To do that, be sure to follow the cardinal tax rule of keeping good records. Track your animal's hours on the job as well as all related work expenses. Also note that your guard dog will be treated as business property, meaning his or her value must be depreciated.

Finally, you have a better chance of not raising IRS eyebrows if you choose an animal that fits the job. So you probably shouldn't claim your Yorkshire Terrier is your warehouse's guard dog, even though she does yap all the time.

3. Moving costs: Of course you took your pets with you when you moved. But the big dogs needed special transport for the cross-country trip. Your pet's transportation is a deductible moving expense.

Note, however, this above-the-line tax deduction is allowable for most of us only on our 2017 taxes that we're working on now. The moving cost deduction, for humans and animals, is not allowed in most cases beginning with the 2018 tax year.

It was mostly eliminated as part of the Tax Cuts and Jobs Act (TCJA). The only exception is for active members of the military who relocate pursuant to military orders.

4. Hobby expenses: Your dog might not win the Westminster Kennel Club title, but she's been best in show at local pet events. In addition to a nice trophy, the $25 top prize was definitely welcome.

And as the model for your painting pastime, your pet has no peer. In fact, your artworks are among the best sellers at community art shows.

Were your pet is an integral part of your hobby and you make some money from that hobby, the animal can help reduce the taxable amount of that money.

There are two issues here.

First, while all your hobby earnings are taxable, the amount of expenses you can claim to reduce that amount is limited. Hobby expenses are itemized with other miscellaneous deductions on Schedule A and that total must exceed 2 percent of your adjusted gross income before it can be claimed.

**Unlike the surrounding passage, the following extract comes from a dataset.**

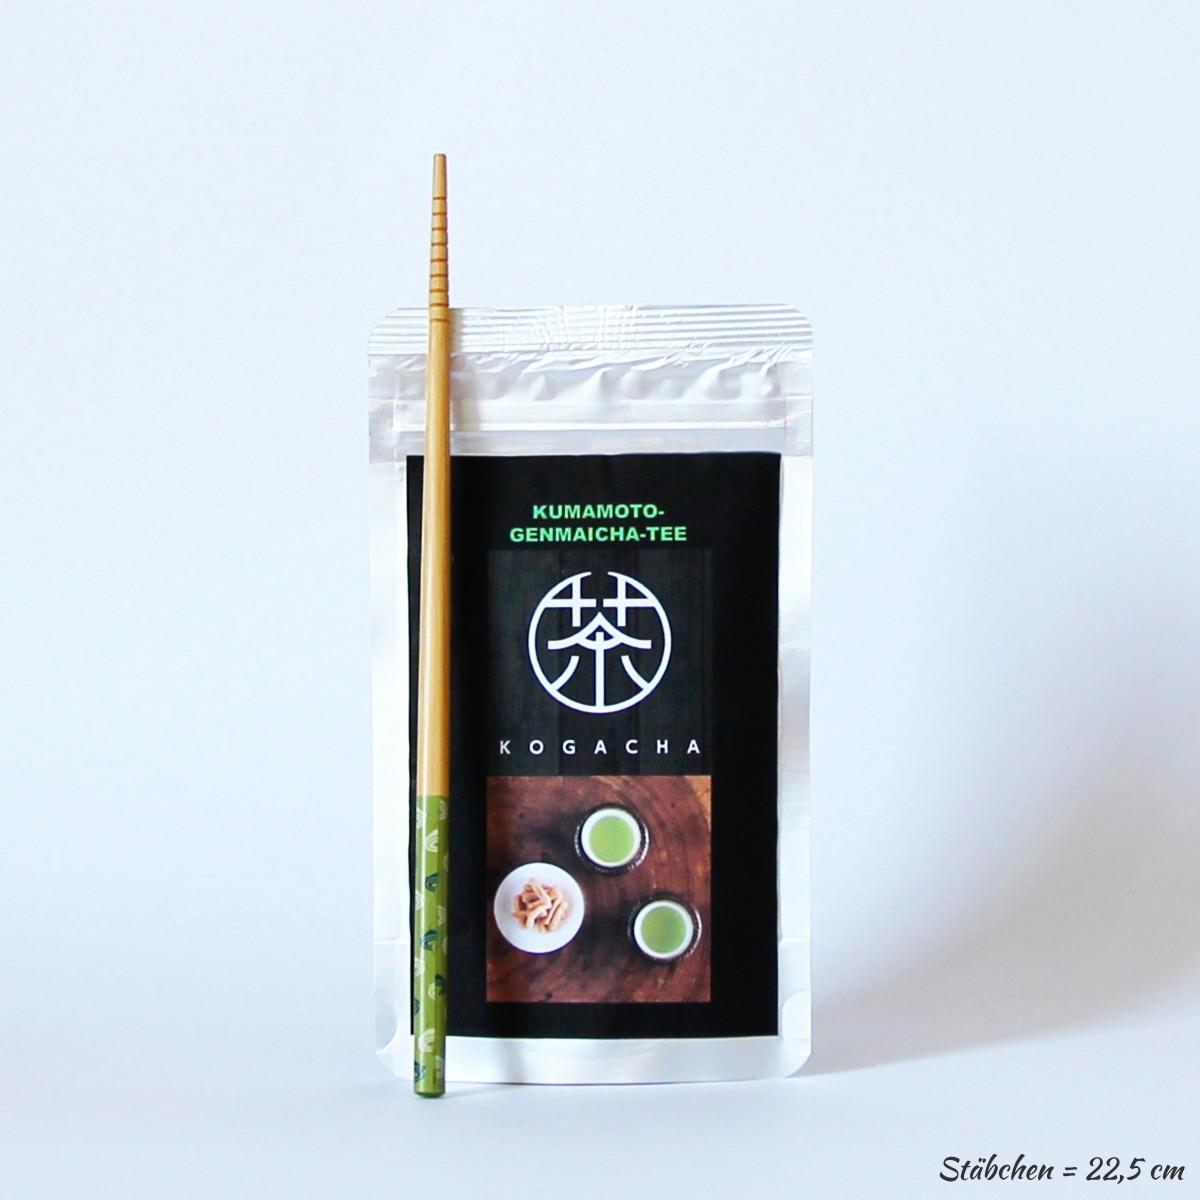 Genmaicha 50g (japanischer Bio-Grüntee mit Reis aus Kumamoto), KOGACHA
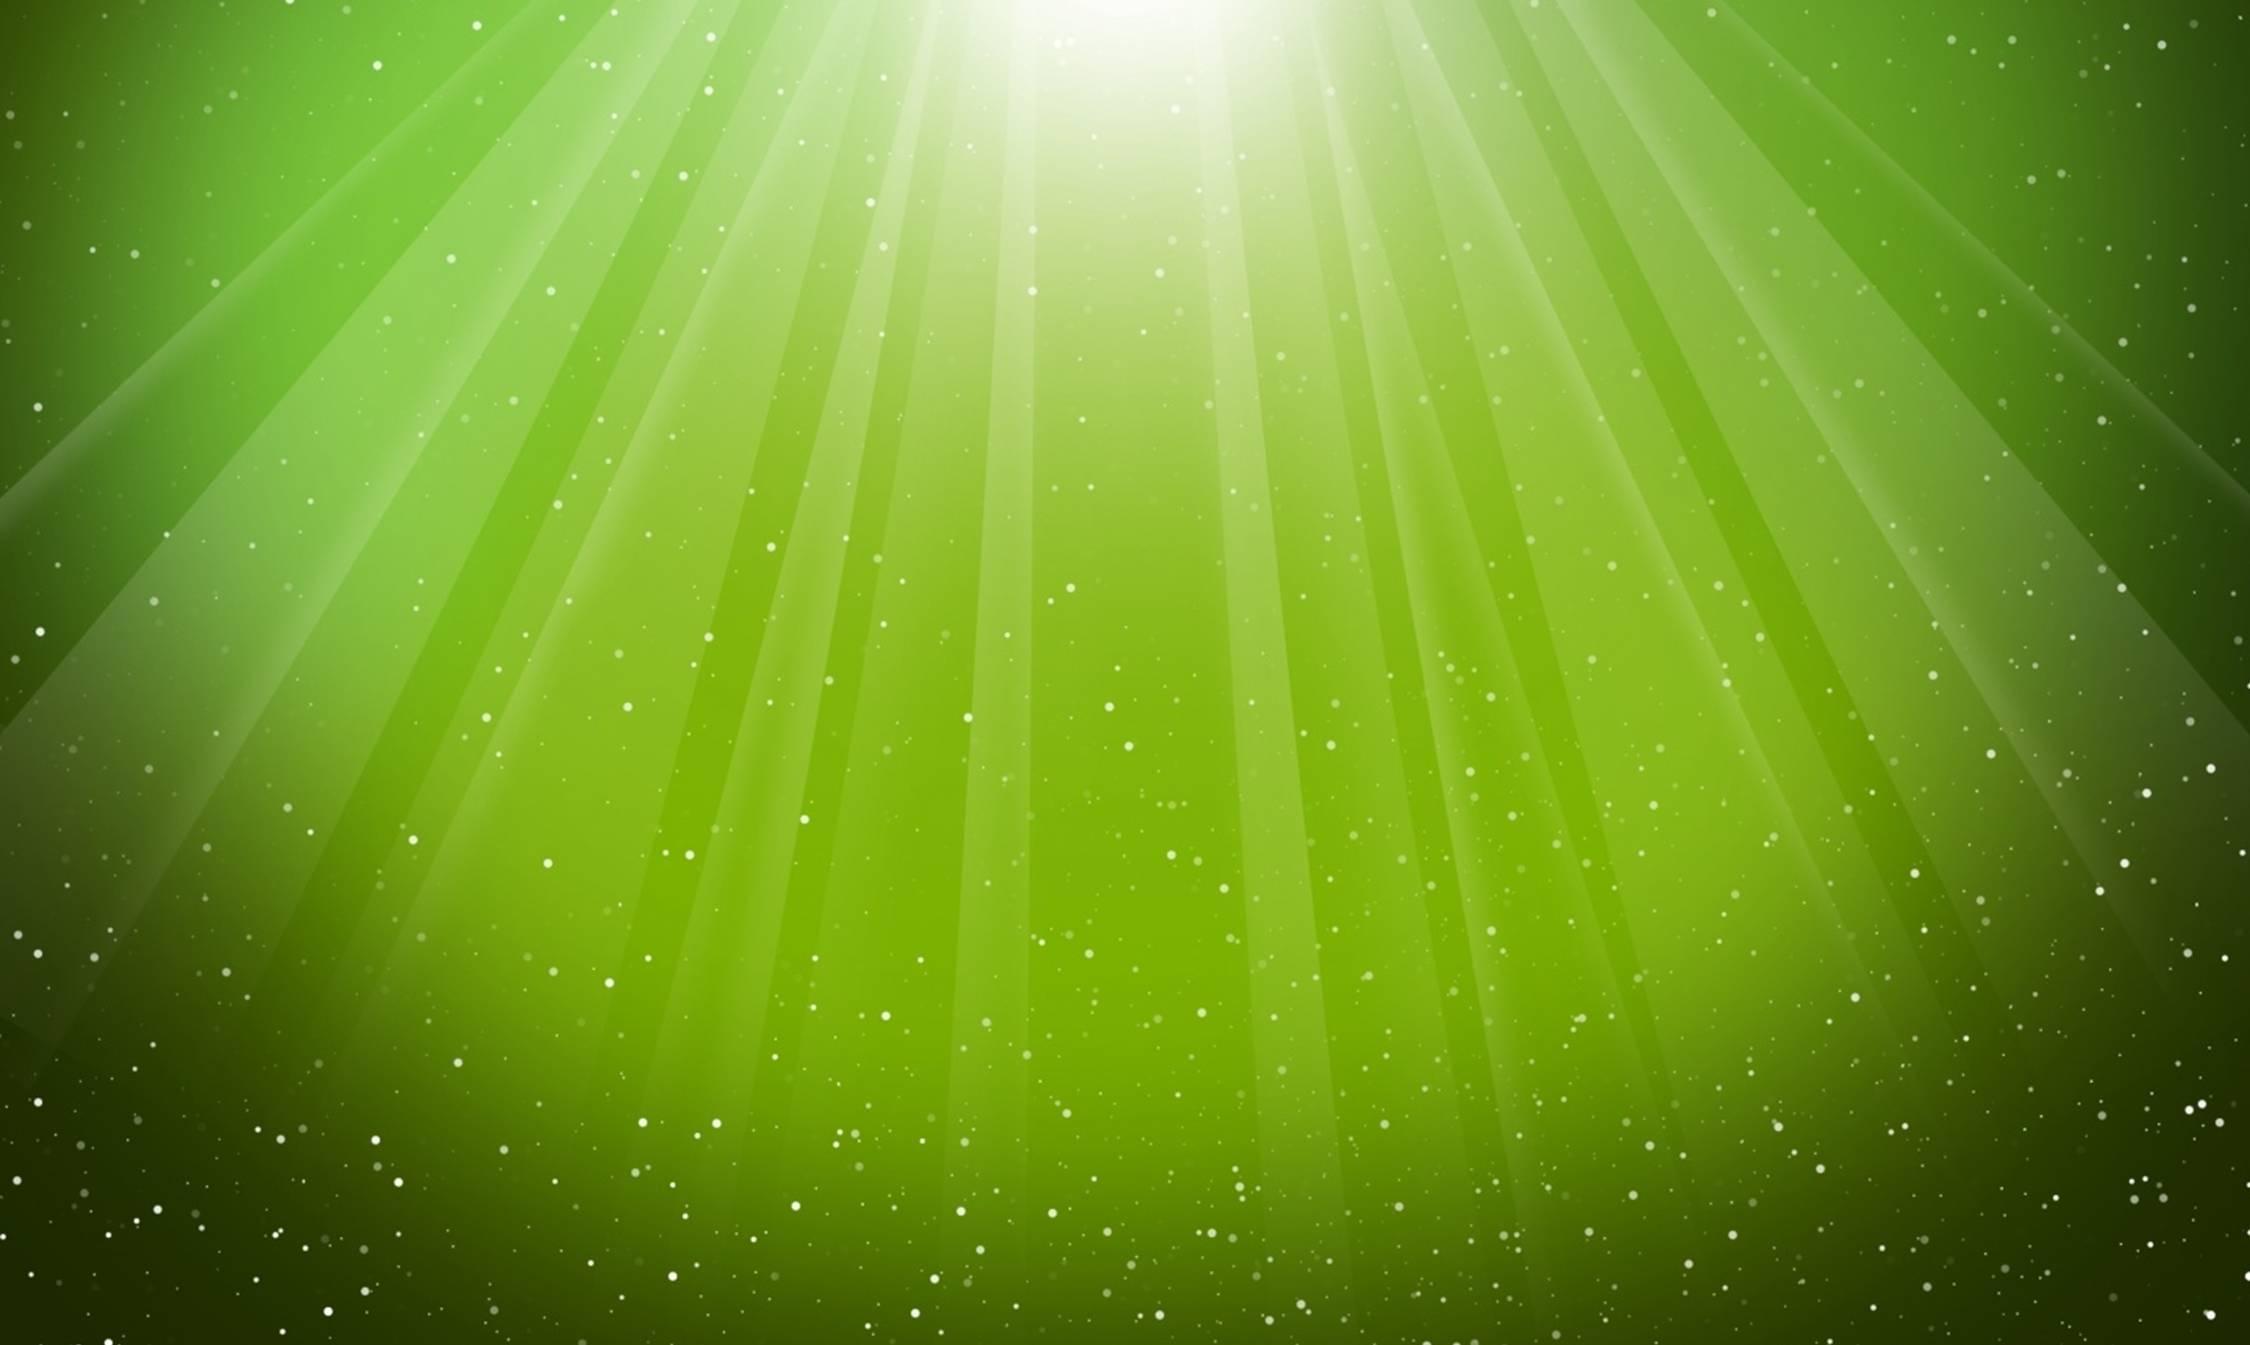 aurora_burst_lime

Second, the miscellaneous expenses deduction for hobby and any other allowable costs is available only through the 2017 tax year. As with the moving expenses write-off, the itemized miscellaneous deduction was axed by the TCJA.

5. Charitable deductions: If you foster animals while your local nonprofit shelter works to get them new homes, you costs could be deductible as an itemized charitable expense.

Costs that count are the usuals, like pet food, supplies and veterinary bills. But you also can deduct 14 cents per mile for trips made to further the shelter's work.

Be sure to keep track of your pet protection expenses. A California woman lost some of her cat care deductions because she didn't have all the IRS-required receipts, specifically for pet-care items costing $250 or more. She also failed to get a letter from the 501(c)(3) charity acknowledging her volunteer work.

I know, your pet is much more to you than a tax break. But I'm sure your devoted animal wouldn't mind if you were able to also get some tax benefit because he or she is a part of your life.

It's just another way for them to show us their unconditional love.